Nigeria fritters foreign reserves as Angola builds
Lagos: Nigeria’s position as the country with the second largest Foreign Exchange (FX) reserves in Sub-Saharan Africa (behind South Africa), is in danger, as Angola is set to overtake it in the near future. Angola, which produced around 1.7 million barrels per day (mbpd) of crude oil in 2011, compared to 2.1 mbpd for Nigeria, has managed to increase its FX reserves by 132.4 percent, from $12.5 billion in October 2009 to $33.1 billion in May 2012. In the same period (2009 – 2012) Nigeria’s FX reserves fell by 16.4 percent, moving from $45 billion to $37.6 billion.
“The difference between Angola and Nigeria is obviously the direction in fiscal policy,” Samir Gadio, emerging markets strategist at Standard Bank London, said in an e-mail reply.
“Unless the Sovereign Wealth Fund (SWF) is effectively launched in the near term in Nigeria, and fiscal excesses and inefficiencies (including the fuel subsidy) seriously addressed, Angola will probably overtake Nigeria as the Sub-Saharan Africa country with the largest FX reserves, excluding South Africa.”
Gadio notes that if fiscal savings in the Excess Crude Account (ECA) had fully resumed in 2010 after the global economic crisis and other structural imbalances had been tackled, Nigeria’s aggregate FX reserves would be hovering around $60-70 billion today, suggesting leakages of over $30 billion.
“This would have helped smooth the boom and bust oil cycles, restored Naira (NGN) confidence and ensured a more viable FX framework,” he said.
The prospect of Angola overtaking Nigeria in reserve accumulation is not just symbolic, but highlights the damage the fuel subsidy scam and other fiscal leakages are having on the country.
A detailed report by the House of Representatives ad-hoc committee on fuel subsidy, recently alleged fraud totaling the equivalent of N1.07 trillion (about $ 6.8billion). Payments totaling N2.6 trillion ($16 billion) in fuel subsidies were made in 2011 through a fraudulent process, the committee said.
The ECA which contained $20 billion in 2007 now holds around $5 billion, despite years of record oil prices. The level of the external reserves is important for macro-economic stability because the Central Bank of Nigeria (CBN) uses the reserves to defend the local currency, and for attaining its price stability mandate.

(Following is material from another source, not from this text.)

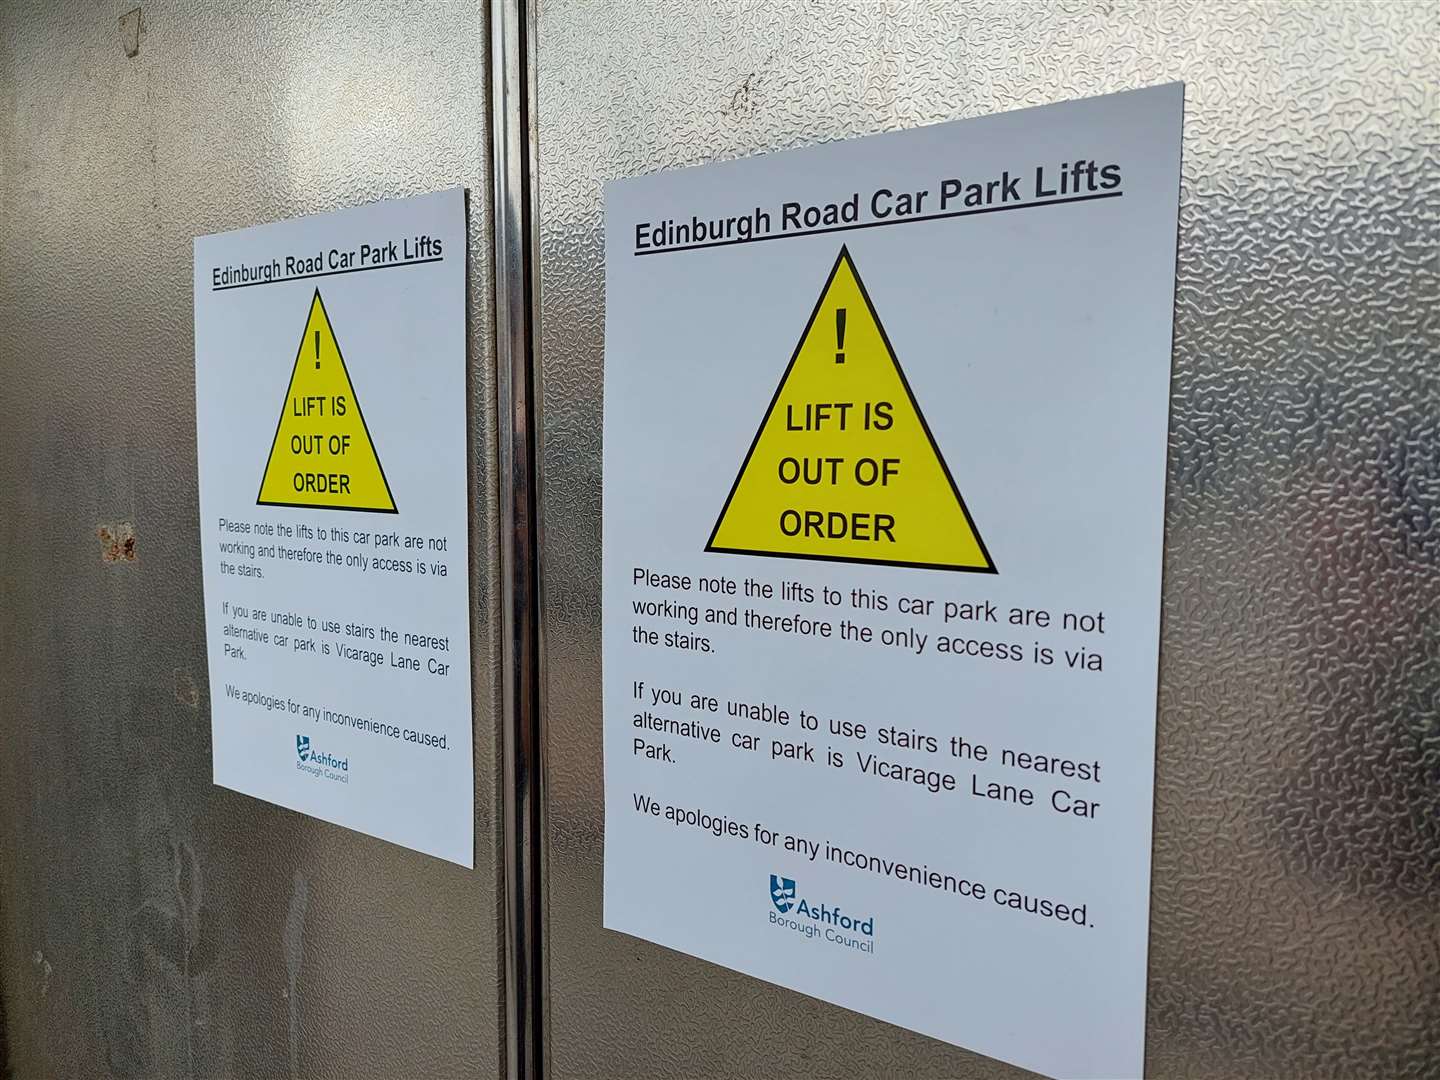 The lifts at the Edinburgh Road car park have closed again

“The CBN has been increasing its dollar sales at the bi-weekly auction to $300 million from 04 June and to $400 million from 13 June,” FBN capital analysts wrote in a note to clients on June 15.
Analysts say the CBN still has some ammunition ($37.2 billion of overall FX reserves, including CBN reserves), that can be used to support the Naira, to prevent a disorderly depreciation of the exchange rate.
However, they say if aggregate reserves were to fall to $30 billion, on the back of falling oil prices, a devaluation would probably become unavoidable.
Oil prices have slipped in recent months, from $110 a barrel to below $80 a barrel on Monday.
“For the moment, it is the external risks that loom large,” said Razia Khan, in an email reply to BusinessDay. “Even emerging from a period of relative strength in oil prices, Nigeria’s FX reserves have risen only very modestly to $37 billion. In view of global risks, and Nigeria’s new susceptibility to potential outflows, much still needs to be done to rebuild the economy’s external buffers.”
The approval by state governors of the federal government’s proposal to launch the SWF would probably help forestall that scenario by reducing leakages and bringing increased confidence to the local currency.
“The council has agreed with the federal government to go ahead to implement the Nigeria Sovereign Investment Authority with an initial fund of $1 billion,” Rivers State Governor Rotimi Amaechi told reporters yesterday.
The SWF is to replace the ECA, where Nigeria saves oil revenues over a benchmark budget price, currently $72 a barrel. Nigeria was one of only three OPEC member states not to have a SWF.
The government has said the fund will provide a firmer legal basis to ring fence Nigeria’s oil savings. It has three main aims: saving money for future generations, providing financing for badly needed infrastructure, and starting a stabilization fund to defend the economy against commodity price shocks.